Я стал самым молодым членом клуба и больше не общался с друзьями по настольному футболу. Подружился с Игорем Маркишем, русским врачом, и он научил меня играть в шахматы. В Ленинграде у него остался сын моего возраста. Игорь представил меня своему приятелю Кесселю, с которым он говорил по-русски. Там же я познакомился с Сартром. Мои воспоминания о нем противоречат всем его официальным биографиям. Сартр шутил, он был веселым, забавным, жульничал в шахматах — крал с доски фигуры — и хохотал, когда Кессель ловил его за руку, заметив отсутствие коня на f5. В «Бальто» Сартр бывал редко. Он чувствовал враждебность некоторых членов клуба, обвинявших его в симпатиях к коммунистам, но не гнушавшихся его деньгами. Он мог весь вечер писать, не поднимая головы, много курил, докуривая сигарету до самого фильтра, и никто не смел нарушить его покой. Окружающие взирали на него издалека, испытывая священный трепет: не каждому дано лицезреть, как творит гений. Даже те, кто его не любил, следили за соблюдением тишины:
— Не будем шуметь. Сартр работает.
11
Конец декабря выдался ненастным, небо над Парижем было серым, холод стоял ужасный. Мы впервые не праздновали Рождество всей семьей. Какая-то связь, удерживавшая нас вместе, порвалась. Франка, готовившегося к поступлению в Школу офицерского резерва, призвали на месяц в армию, и он совершал марш-броски по заснеженным провинциям Германии. О положении в Алжире ходили немыслимые, противоречивые слухи. Дедушка Филипп решил отправиться на место, чтобы составить собственное мнение о происходящем. Ходили разговоры, что все газеты подкуплены и доверять им нельзя, всем — за исключением «Л’Орор», да и то с натяжкой. Мама решила сопровождать своего отца, оставив на время надзор за работами в магазине: ей очень хотелось повидать любимого брата и насладиться синевой африканского неба. Жюльетту они взяли с собой, а я ехать не захотел, «прикрывшись» необходимостью заниматься.

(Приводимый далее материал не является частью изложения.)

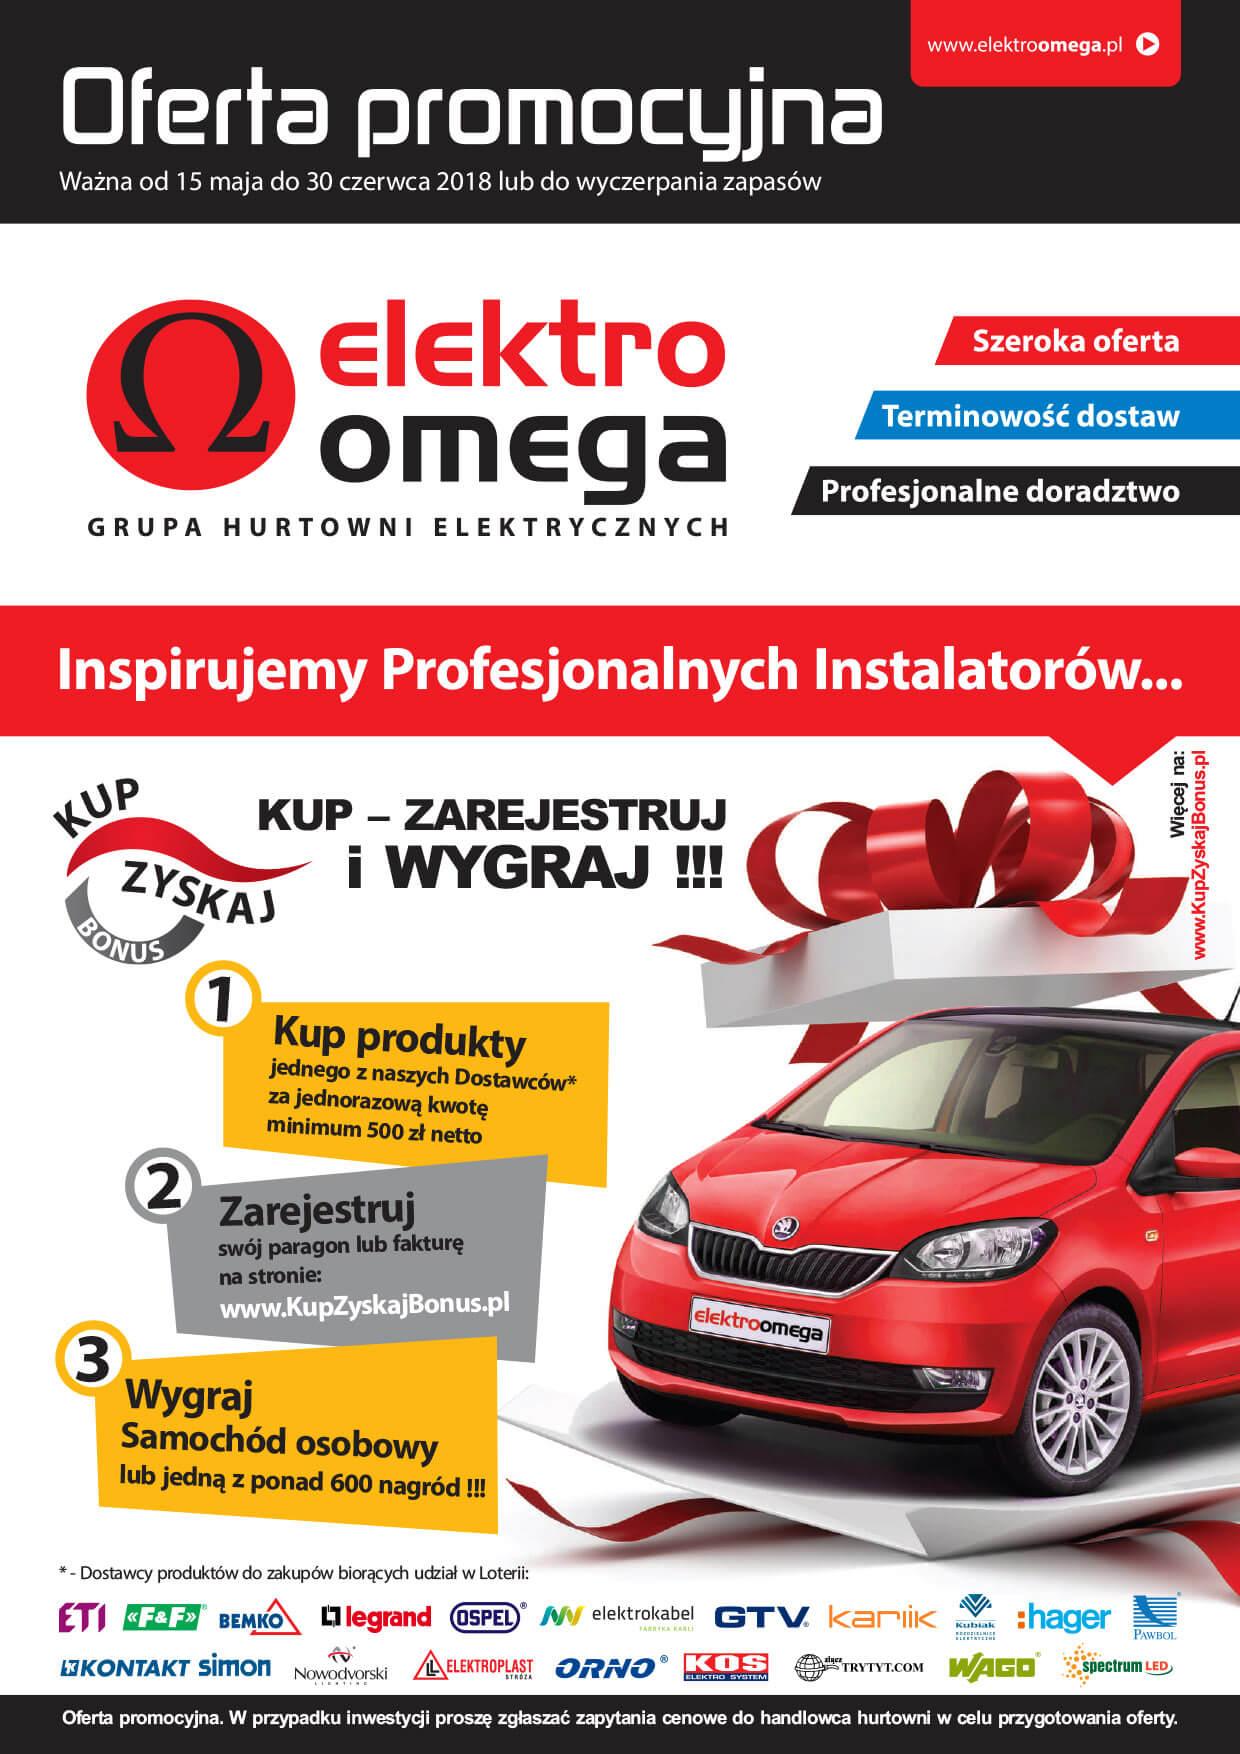 Oferta Promocyjna Elektro Omega od 15.05.2018 do 30.06.2018

— Дело твое, — ответила мама и не стала меня уговаривать.
* * *
Мы с папой остались холостяками. Я заботился о нем, покупал продукты, а вечером заходил за ним на авеню Гобеленов, где он руководил масштабными работами, обещавшими потрясти основы семейного предприятия. Он брал меня с собой в овернское бистро на улицу Фоссе-Сен-Жак, где был завсегдатаем. В задней комнате играли в таро.[73]Сначала правила игры до меня не доходили, потом в голове вдруг щелкнуло, и я все понял. Когда игроки садились за стол, я устраивался на стуле у отца за спиной, и он советовался со мной взглядом, пасовать ему или вистовать, торговаться, объявлять «приз» или «гарде» или делать уже ставку на бонус «петит о бу».[74]
— У Марини семейный подряд! — язвили папины партнеры, но он пропускал их шуточки мимо ушей.